貧困家庭の子は、学力もなく輝かしい経歴もない。

このような状況でどうやって進学するのでしょう?

おおよその進路先は高卒で就職・アルバイトするか、専門学校に進学するかの2択ですが、専門学校もタダではないので、本当にお金の無い家庭の子は労働します。

そしてその子はまた貧困家庭を築いてしまうという負の連鎖が「子どもの貧困」と呼ばれています。

僕はこの連鎖を断ち切るためには、大学への進学が一番堅実な道だと思います。

現代社会であれば、大卒の肩書はある程度の就職先を確保してくれ、安定した給与を得ることができます。

ところが、その大学に進学するには学力がないといけません。

そのため、僕は貧困家庭の子どもだからこそ、AO入試や推薦入試を活用するべきだと思っています。

くみさん(仮名)の指導経験から、まるでビリギャルのように学力を劇的に向上させることは無理だと判断しました。

そのため、自分自身をアピールして合格できるAO入試や推薦入試の方がまだチャンスがあると確信しています。

春名風花さんの言うように、華々しい実績をつくることはできないかもしれません。

しかし、そんな実績がなくとも受け入れてくれる大学は山程あるのです。

地方国公立大学や中堅私立大学から這い上がることのススメ

春名風花さんが恐れてる格差とは、お金持ちの子が良い社会経験をして、その実績を引っさげて大学に合格し、さらに裕福な家庭を築いていくという資本主義のお手本のような構造だと思います。

しかし、貧困家庭の子どもはそんな構造に無理に食い込む必要はありません。
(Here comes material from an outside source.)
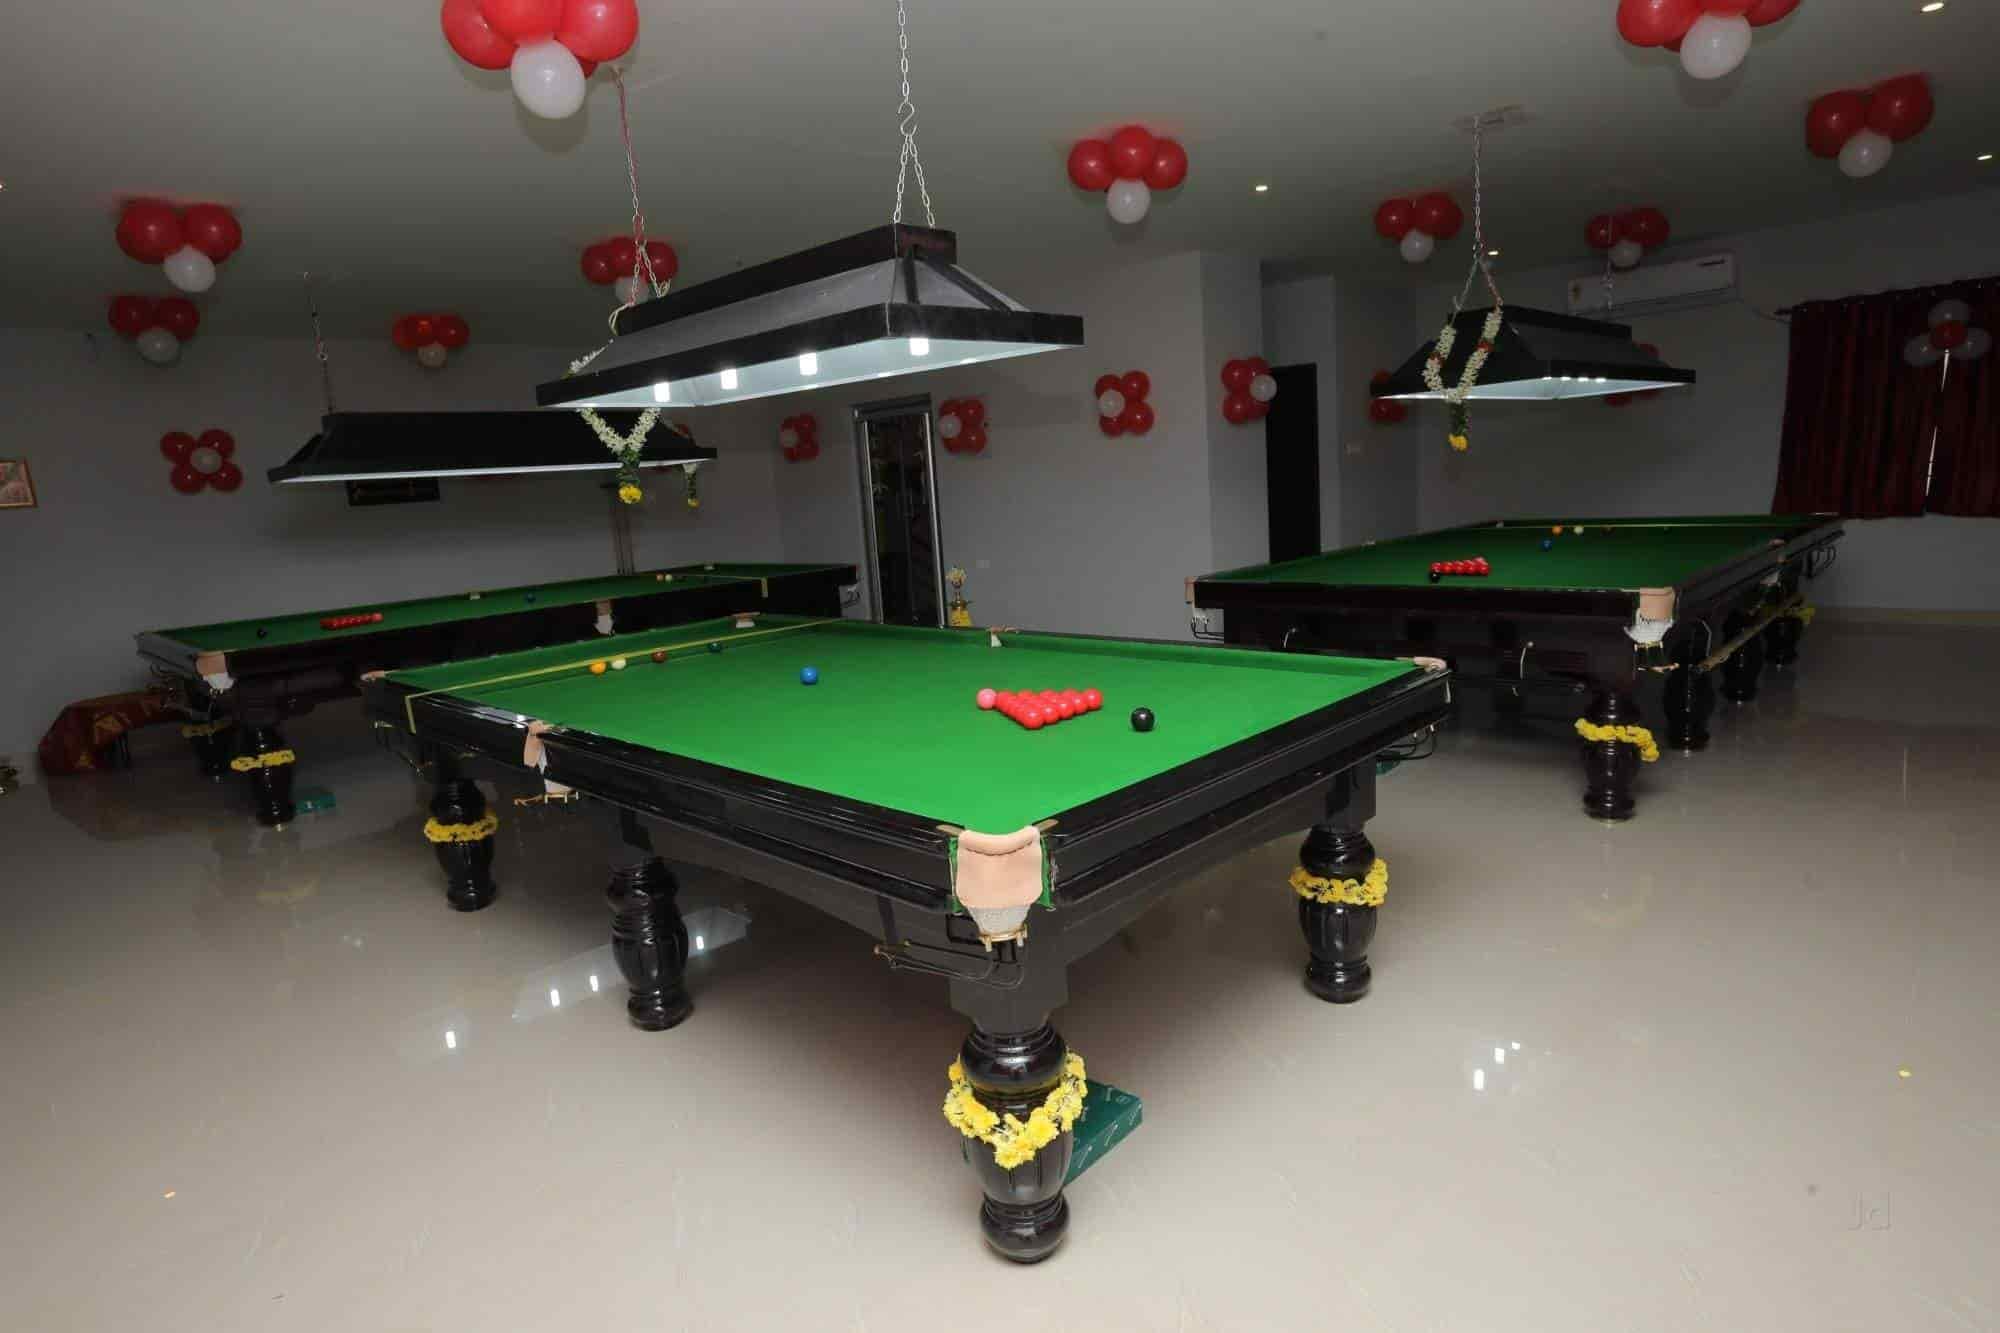 MR Billiards Photos Kolathur Chennai Pictures Images Gallery - Mr billiards pool table

というか無理です。

東大や京大、早慶などハイレベルな大学を狙うのではなく、地方国公立大学や中堅私立大学など堅実な大学に進学し、コツコツ努力を積み重ねて貧困を脱することそれがまずはゴールだと思います。

地方国公立大学や中堅私立大学であれば、特別すごい実績は入りません。

地方の進学校でない、普通レベル以下の高校や商業高校や工業高校からでも進学できるチャンスがあります。

例えば、僕が住んでいる沖縄県にある琉球大学や山口大学、茨城大学、弘前大学などが地方国公立大学に当たります。

中堅私立大学でいえば、日本大学や京都産業大学、東洋大学などですね。私立大学は本当に山のように存在します。

これらの大学に進学するにあたって学力はそこそこ求められるのですが、AO・推薦入試は比較的ハードルは低いと考えて良いでしょう。

学内評定が4.3以上あれば学内推薦される資格があり、後は志望理由と自己PRがしっかりとできればまず間違いなく他の受験生と平等な勝負ができます。

何とか頑張って大学に進学した後、ある程度の企業に就職できれば、貧困の連鎖から脱することができるのではないでしょうか?

AO入試は貧困から脱するためのツール

上記のように春名風花さんがTweetした内容に共感する一方で、貧困家庭の子はAO入試をむしろ活用するべきでは?というのが僕の意見です。

春名風花さんの意見は、AO入試は素晴らしい実績がないと合格できないという前提知識の錯誤からきているものだとは思います。

しかし、このnoteの読者の皆さんにはAO入試や推薦入試というのは、素晴らしい実績がなくとも合格できるということを知って欲しいです。もちろん、大学のレベル等あるのですが、少なくとも地方国公立大学クラスでは部活に入っている程度の活動歴でも十分に合格できます。

大切なのは、活動歴ではなく将来に対するヴィジョンや自分自身をアピールする力だったりします。

その力があれば裕福な家庭の子でもそうでない家庭の子でも誰でも合格できるチャンスがあります。

そういった意味でAO入試という制度は、貧困家庭の子にとっては現状を打破するためのツールであるのです。そのツールを有効活用する必要があります。

なので、家庭の家事手伝いがあっても腐らず勉強は続けるべきですし、社会参加はしていくべきです。華やかな実績はなくとも、身近なボランティアに参加するだけでもコツコツと積み上げることはできます。

そうすることで、大学への合格をより一層近づけることができます。

春名風花さんのTweetは、批判的な意見が多いらしく誠に残念ですが、僕は学力(学歴)と貧困問題の関連性について問題提起した勇気ある発言だったと思います。

このnoteを読んでくださった皆様も貧困問題に関心を寄せていただければ幸いです。

ここまで読んでいただきありがとうございました。